Once headers and motor were back in the car, I started on the exhaust. The headers fit just a little different and caused the up-pipe to fit much tighter, turbo placement was a little different which caused the downpipe to rest on the header, and also caused the center section of the exhaust to sit too high and against the driveshaft. With some persuasion and custom brackets I was able to get everything to fit. Much tighter than before, and I also have more firewall clearance now so it worked out better in the end.
Then it was time to test fire. After getting the fuel system primed it fired on the second attempt and idled good, SUCCESS!!!! But it had a nasty squeal. Determined the squeal was p/s pump. Adjusted belt and got the squeal to go away, but also ran into a no start issue, I was getting fuel, no spark. Crap. Checked fuses, everything was good, but I wasn't getting power to the coils, and after some Googling everything pointed to the ECM relay, which according to Nissan you have to replace the whole IPDM and cant get just the relay. Double crap! After going through the FSM and testing everything from the ECM to the coils, by the time I got to the coils I had power again, so I'm assuming it was a bad ECM connection.

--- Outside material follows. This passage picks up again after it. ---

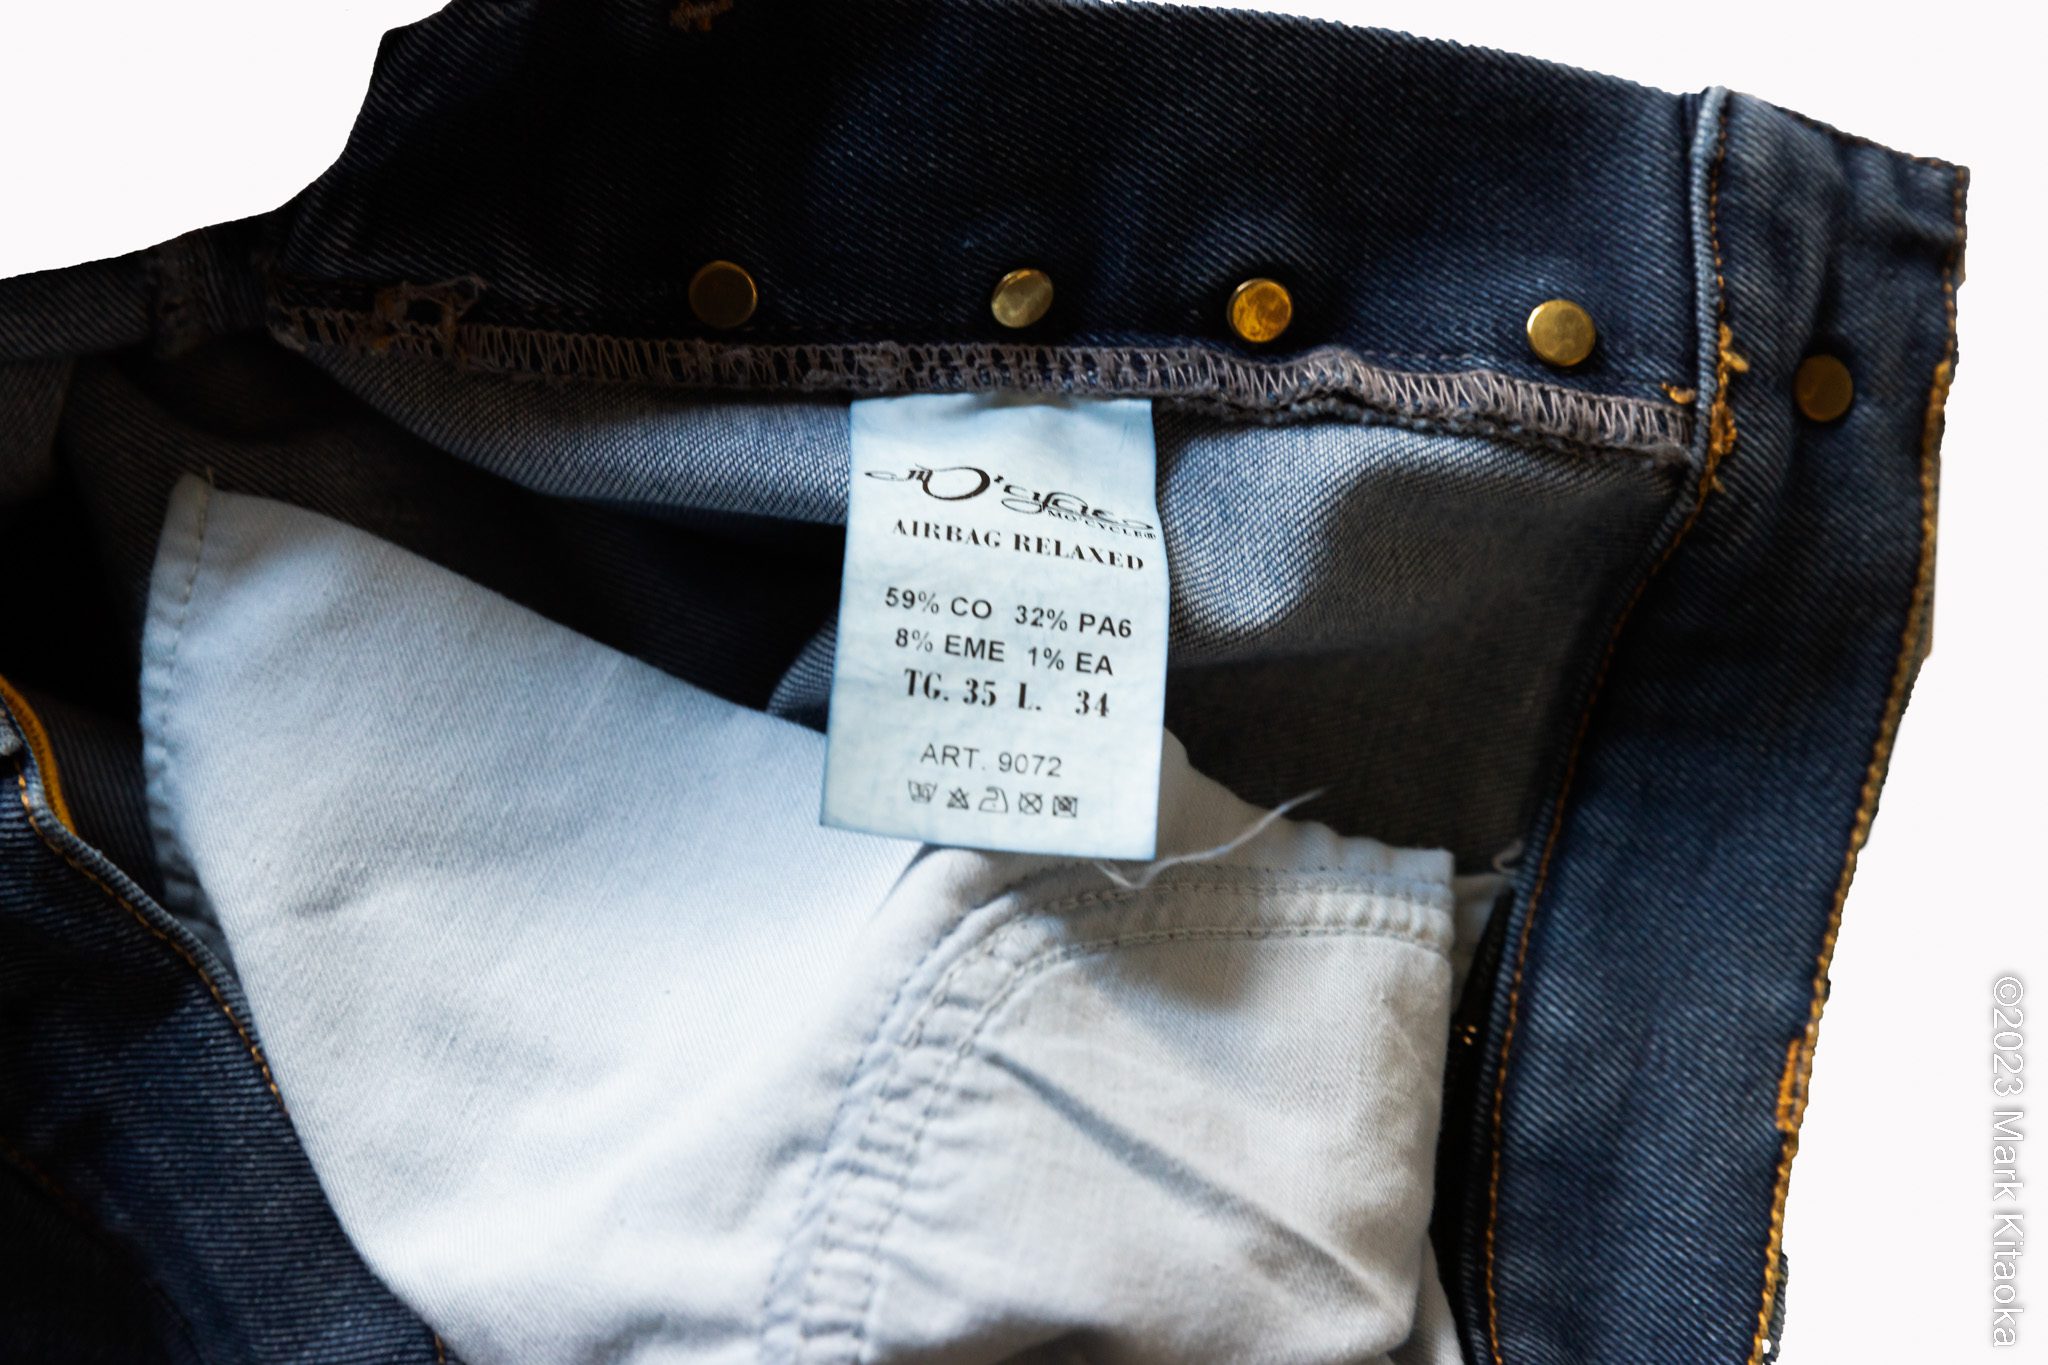 Interior tag on the jeans

She livers again! Idles great, had a few small leaks that were addressed, temps look good, time for a test drive. Back out the garage and turn the wheel and steering hits something and wont turn. Turns out the steering shaft knuckle is hitting the header. So now my next hurdle is grinding down the knuckle and denting the header wall to make clearance. Hopefully will have that taken care of this evening and I can go for a test drive. I have to have her loaded up Thursday for a base tune on Friday. Fingers crossed for no more problems!

Joined: Oct 2010
Posts: 597
Likes: 46
From: Minne(too.much.salt.on.the.roads)sota
So Rod over at Z1 hooked me up with a new steering knuckle over night. I ground it down as far as I could to clear the header, and also torched the header and dented in the wall to make some clearance. The first attempt was 90% successful. It would clear while on stands, but once on the ground it would catch but I was able to pop it past the catching point with slight force, so I was able to get a test drive in. Everything went good minus overheating, which the VQ is notorious for air pockets in the cooling system. Got the car home, fronts on stands again to bleed the system. I removed the knuckle again and ground some more and got a little larger dent into the header tube, so hopefully that will clear completely now. I am a little concerned about the engine torqueing and causing it to hit again, but for now this will work to get it tuned.
So far still on the path to tuning on Friday.
So far still on the path to tuning on Friday.
Good luck on Friday. I usually bleed with the car level so the bleed screw is the highest point and I put a funnel in it to fill the system before running it.
I had to go through the same thing with some headers. Man did it suck! Mine cleared the steering knuckle luckily.
I had to go through the same thing with some headers. Man did it suck! Mine cleared the steering knuckle luckily.